MISO SPP IPSAC coordinated system plan
MISO’s Eric Thoms takes in the conversation. | © RTO Insider

The RTOs are additionally contemplating allowing for adjustments in modeling cost allocation to determine if the benefits of a project are amplified.

SPP also continues to support cost allocation for sub-345-kV interregional projects with MISO, Bell said, a subject that MISO continues to discuss, according to Lopez. MISO has proposed cost allocation changes for its market efficiency projects, including a sub-345-kV cost allocation and elimination of a footprint-wide postage stamp rate. (See MISO Recommends Cost-Sharing for Sub-345 kV Tx.)

Entergy Critical of MISO-SPP TMEP

Entergy engineer Kyle Watson said the MISO-SPP seam does not yet have a structured enough coordination process to develop smaller interregional projects, such as those eligible to qualify under the new MISO-PJM targeted market efficiency project (TMEP) category, which relies on historical congestion to identify small transmission projects. MISO and PJM approved a $20 million, five-project TMEP portfolio late last year, representing the first interregional transmission projects between the two RTOs, and some stakeholders have called for a similar process on the MISO-SPP seam. (See MISO Board Approves $2.6B Transmission Spending Package.)
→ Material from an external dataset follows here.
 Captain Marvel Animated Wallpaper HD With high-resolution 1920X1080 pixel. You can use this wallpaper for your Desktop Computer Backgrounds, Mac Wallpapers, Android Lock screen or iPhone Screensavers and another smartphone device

The MISO-SPP Interregional Planning Stakeholder Advisory Committee (IPSAC) listens to Entergy’s Kyle Watson | © RTO Insider

Entergy’s Matt Brown said there isn’t sufficient operational data since the integration of the company into MISO and the Western Area Power Administration into SPP to build a case for congestion-relieving projects. But SPP Director of Seams and Market Design David Kelley disagreed, saying MISO and SPP have already collected enough historical congestion data to justify projects that are less costly than continuing to pay market-to-market congestion charges.

“The day-ahead and real-time congestion is persisting,” agreed Lopez.

During the IPSAC meeting, the RTOs pointed out that one congested flowgate on the Oklahoma-Kansas border has been responsible for nearly $20 million M2M payments since February 2017.

Wind on the Wires’ Natalie McIntire and WPPI Energy’s Steve Leovy said their organizations are displeased that the RTOs are not inclined to begin another coordinated system plan this year, given that the 2016/17 plan focused narrowly on needs along SPP’s Integrated System in North Dakota, South Dakota and Iowa, and the larger SPP-MISO seam has areas of congestion.

“There’s a lot of consumers bearing costs because we’re not fixing these issues,” Leovy said. “There’s need for a major interregional study.”

“We’re not happy, but we recognize there’s general consensus beyond us,” McIntire said.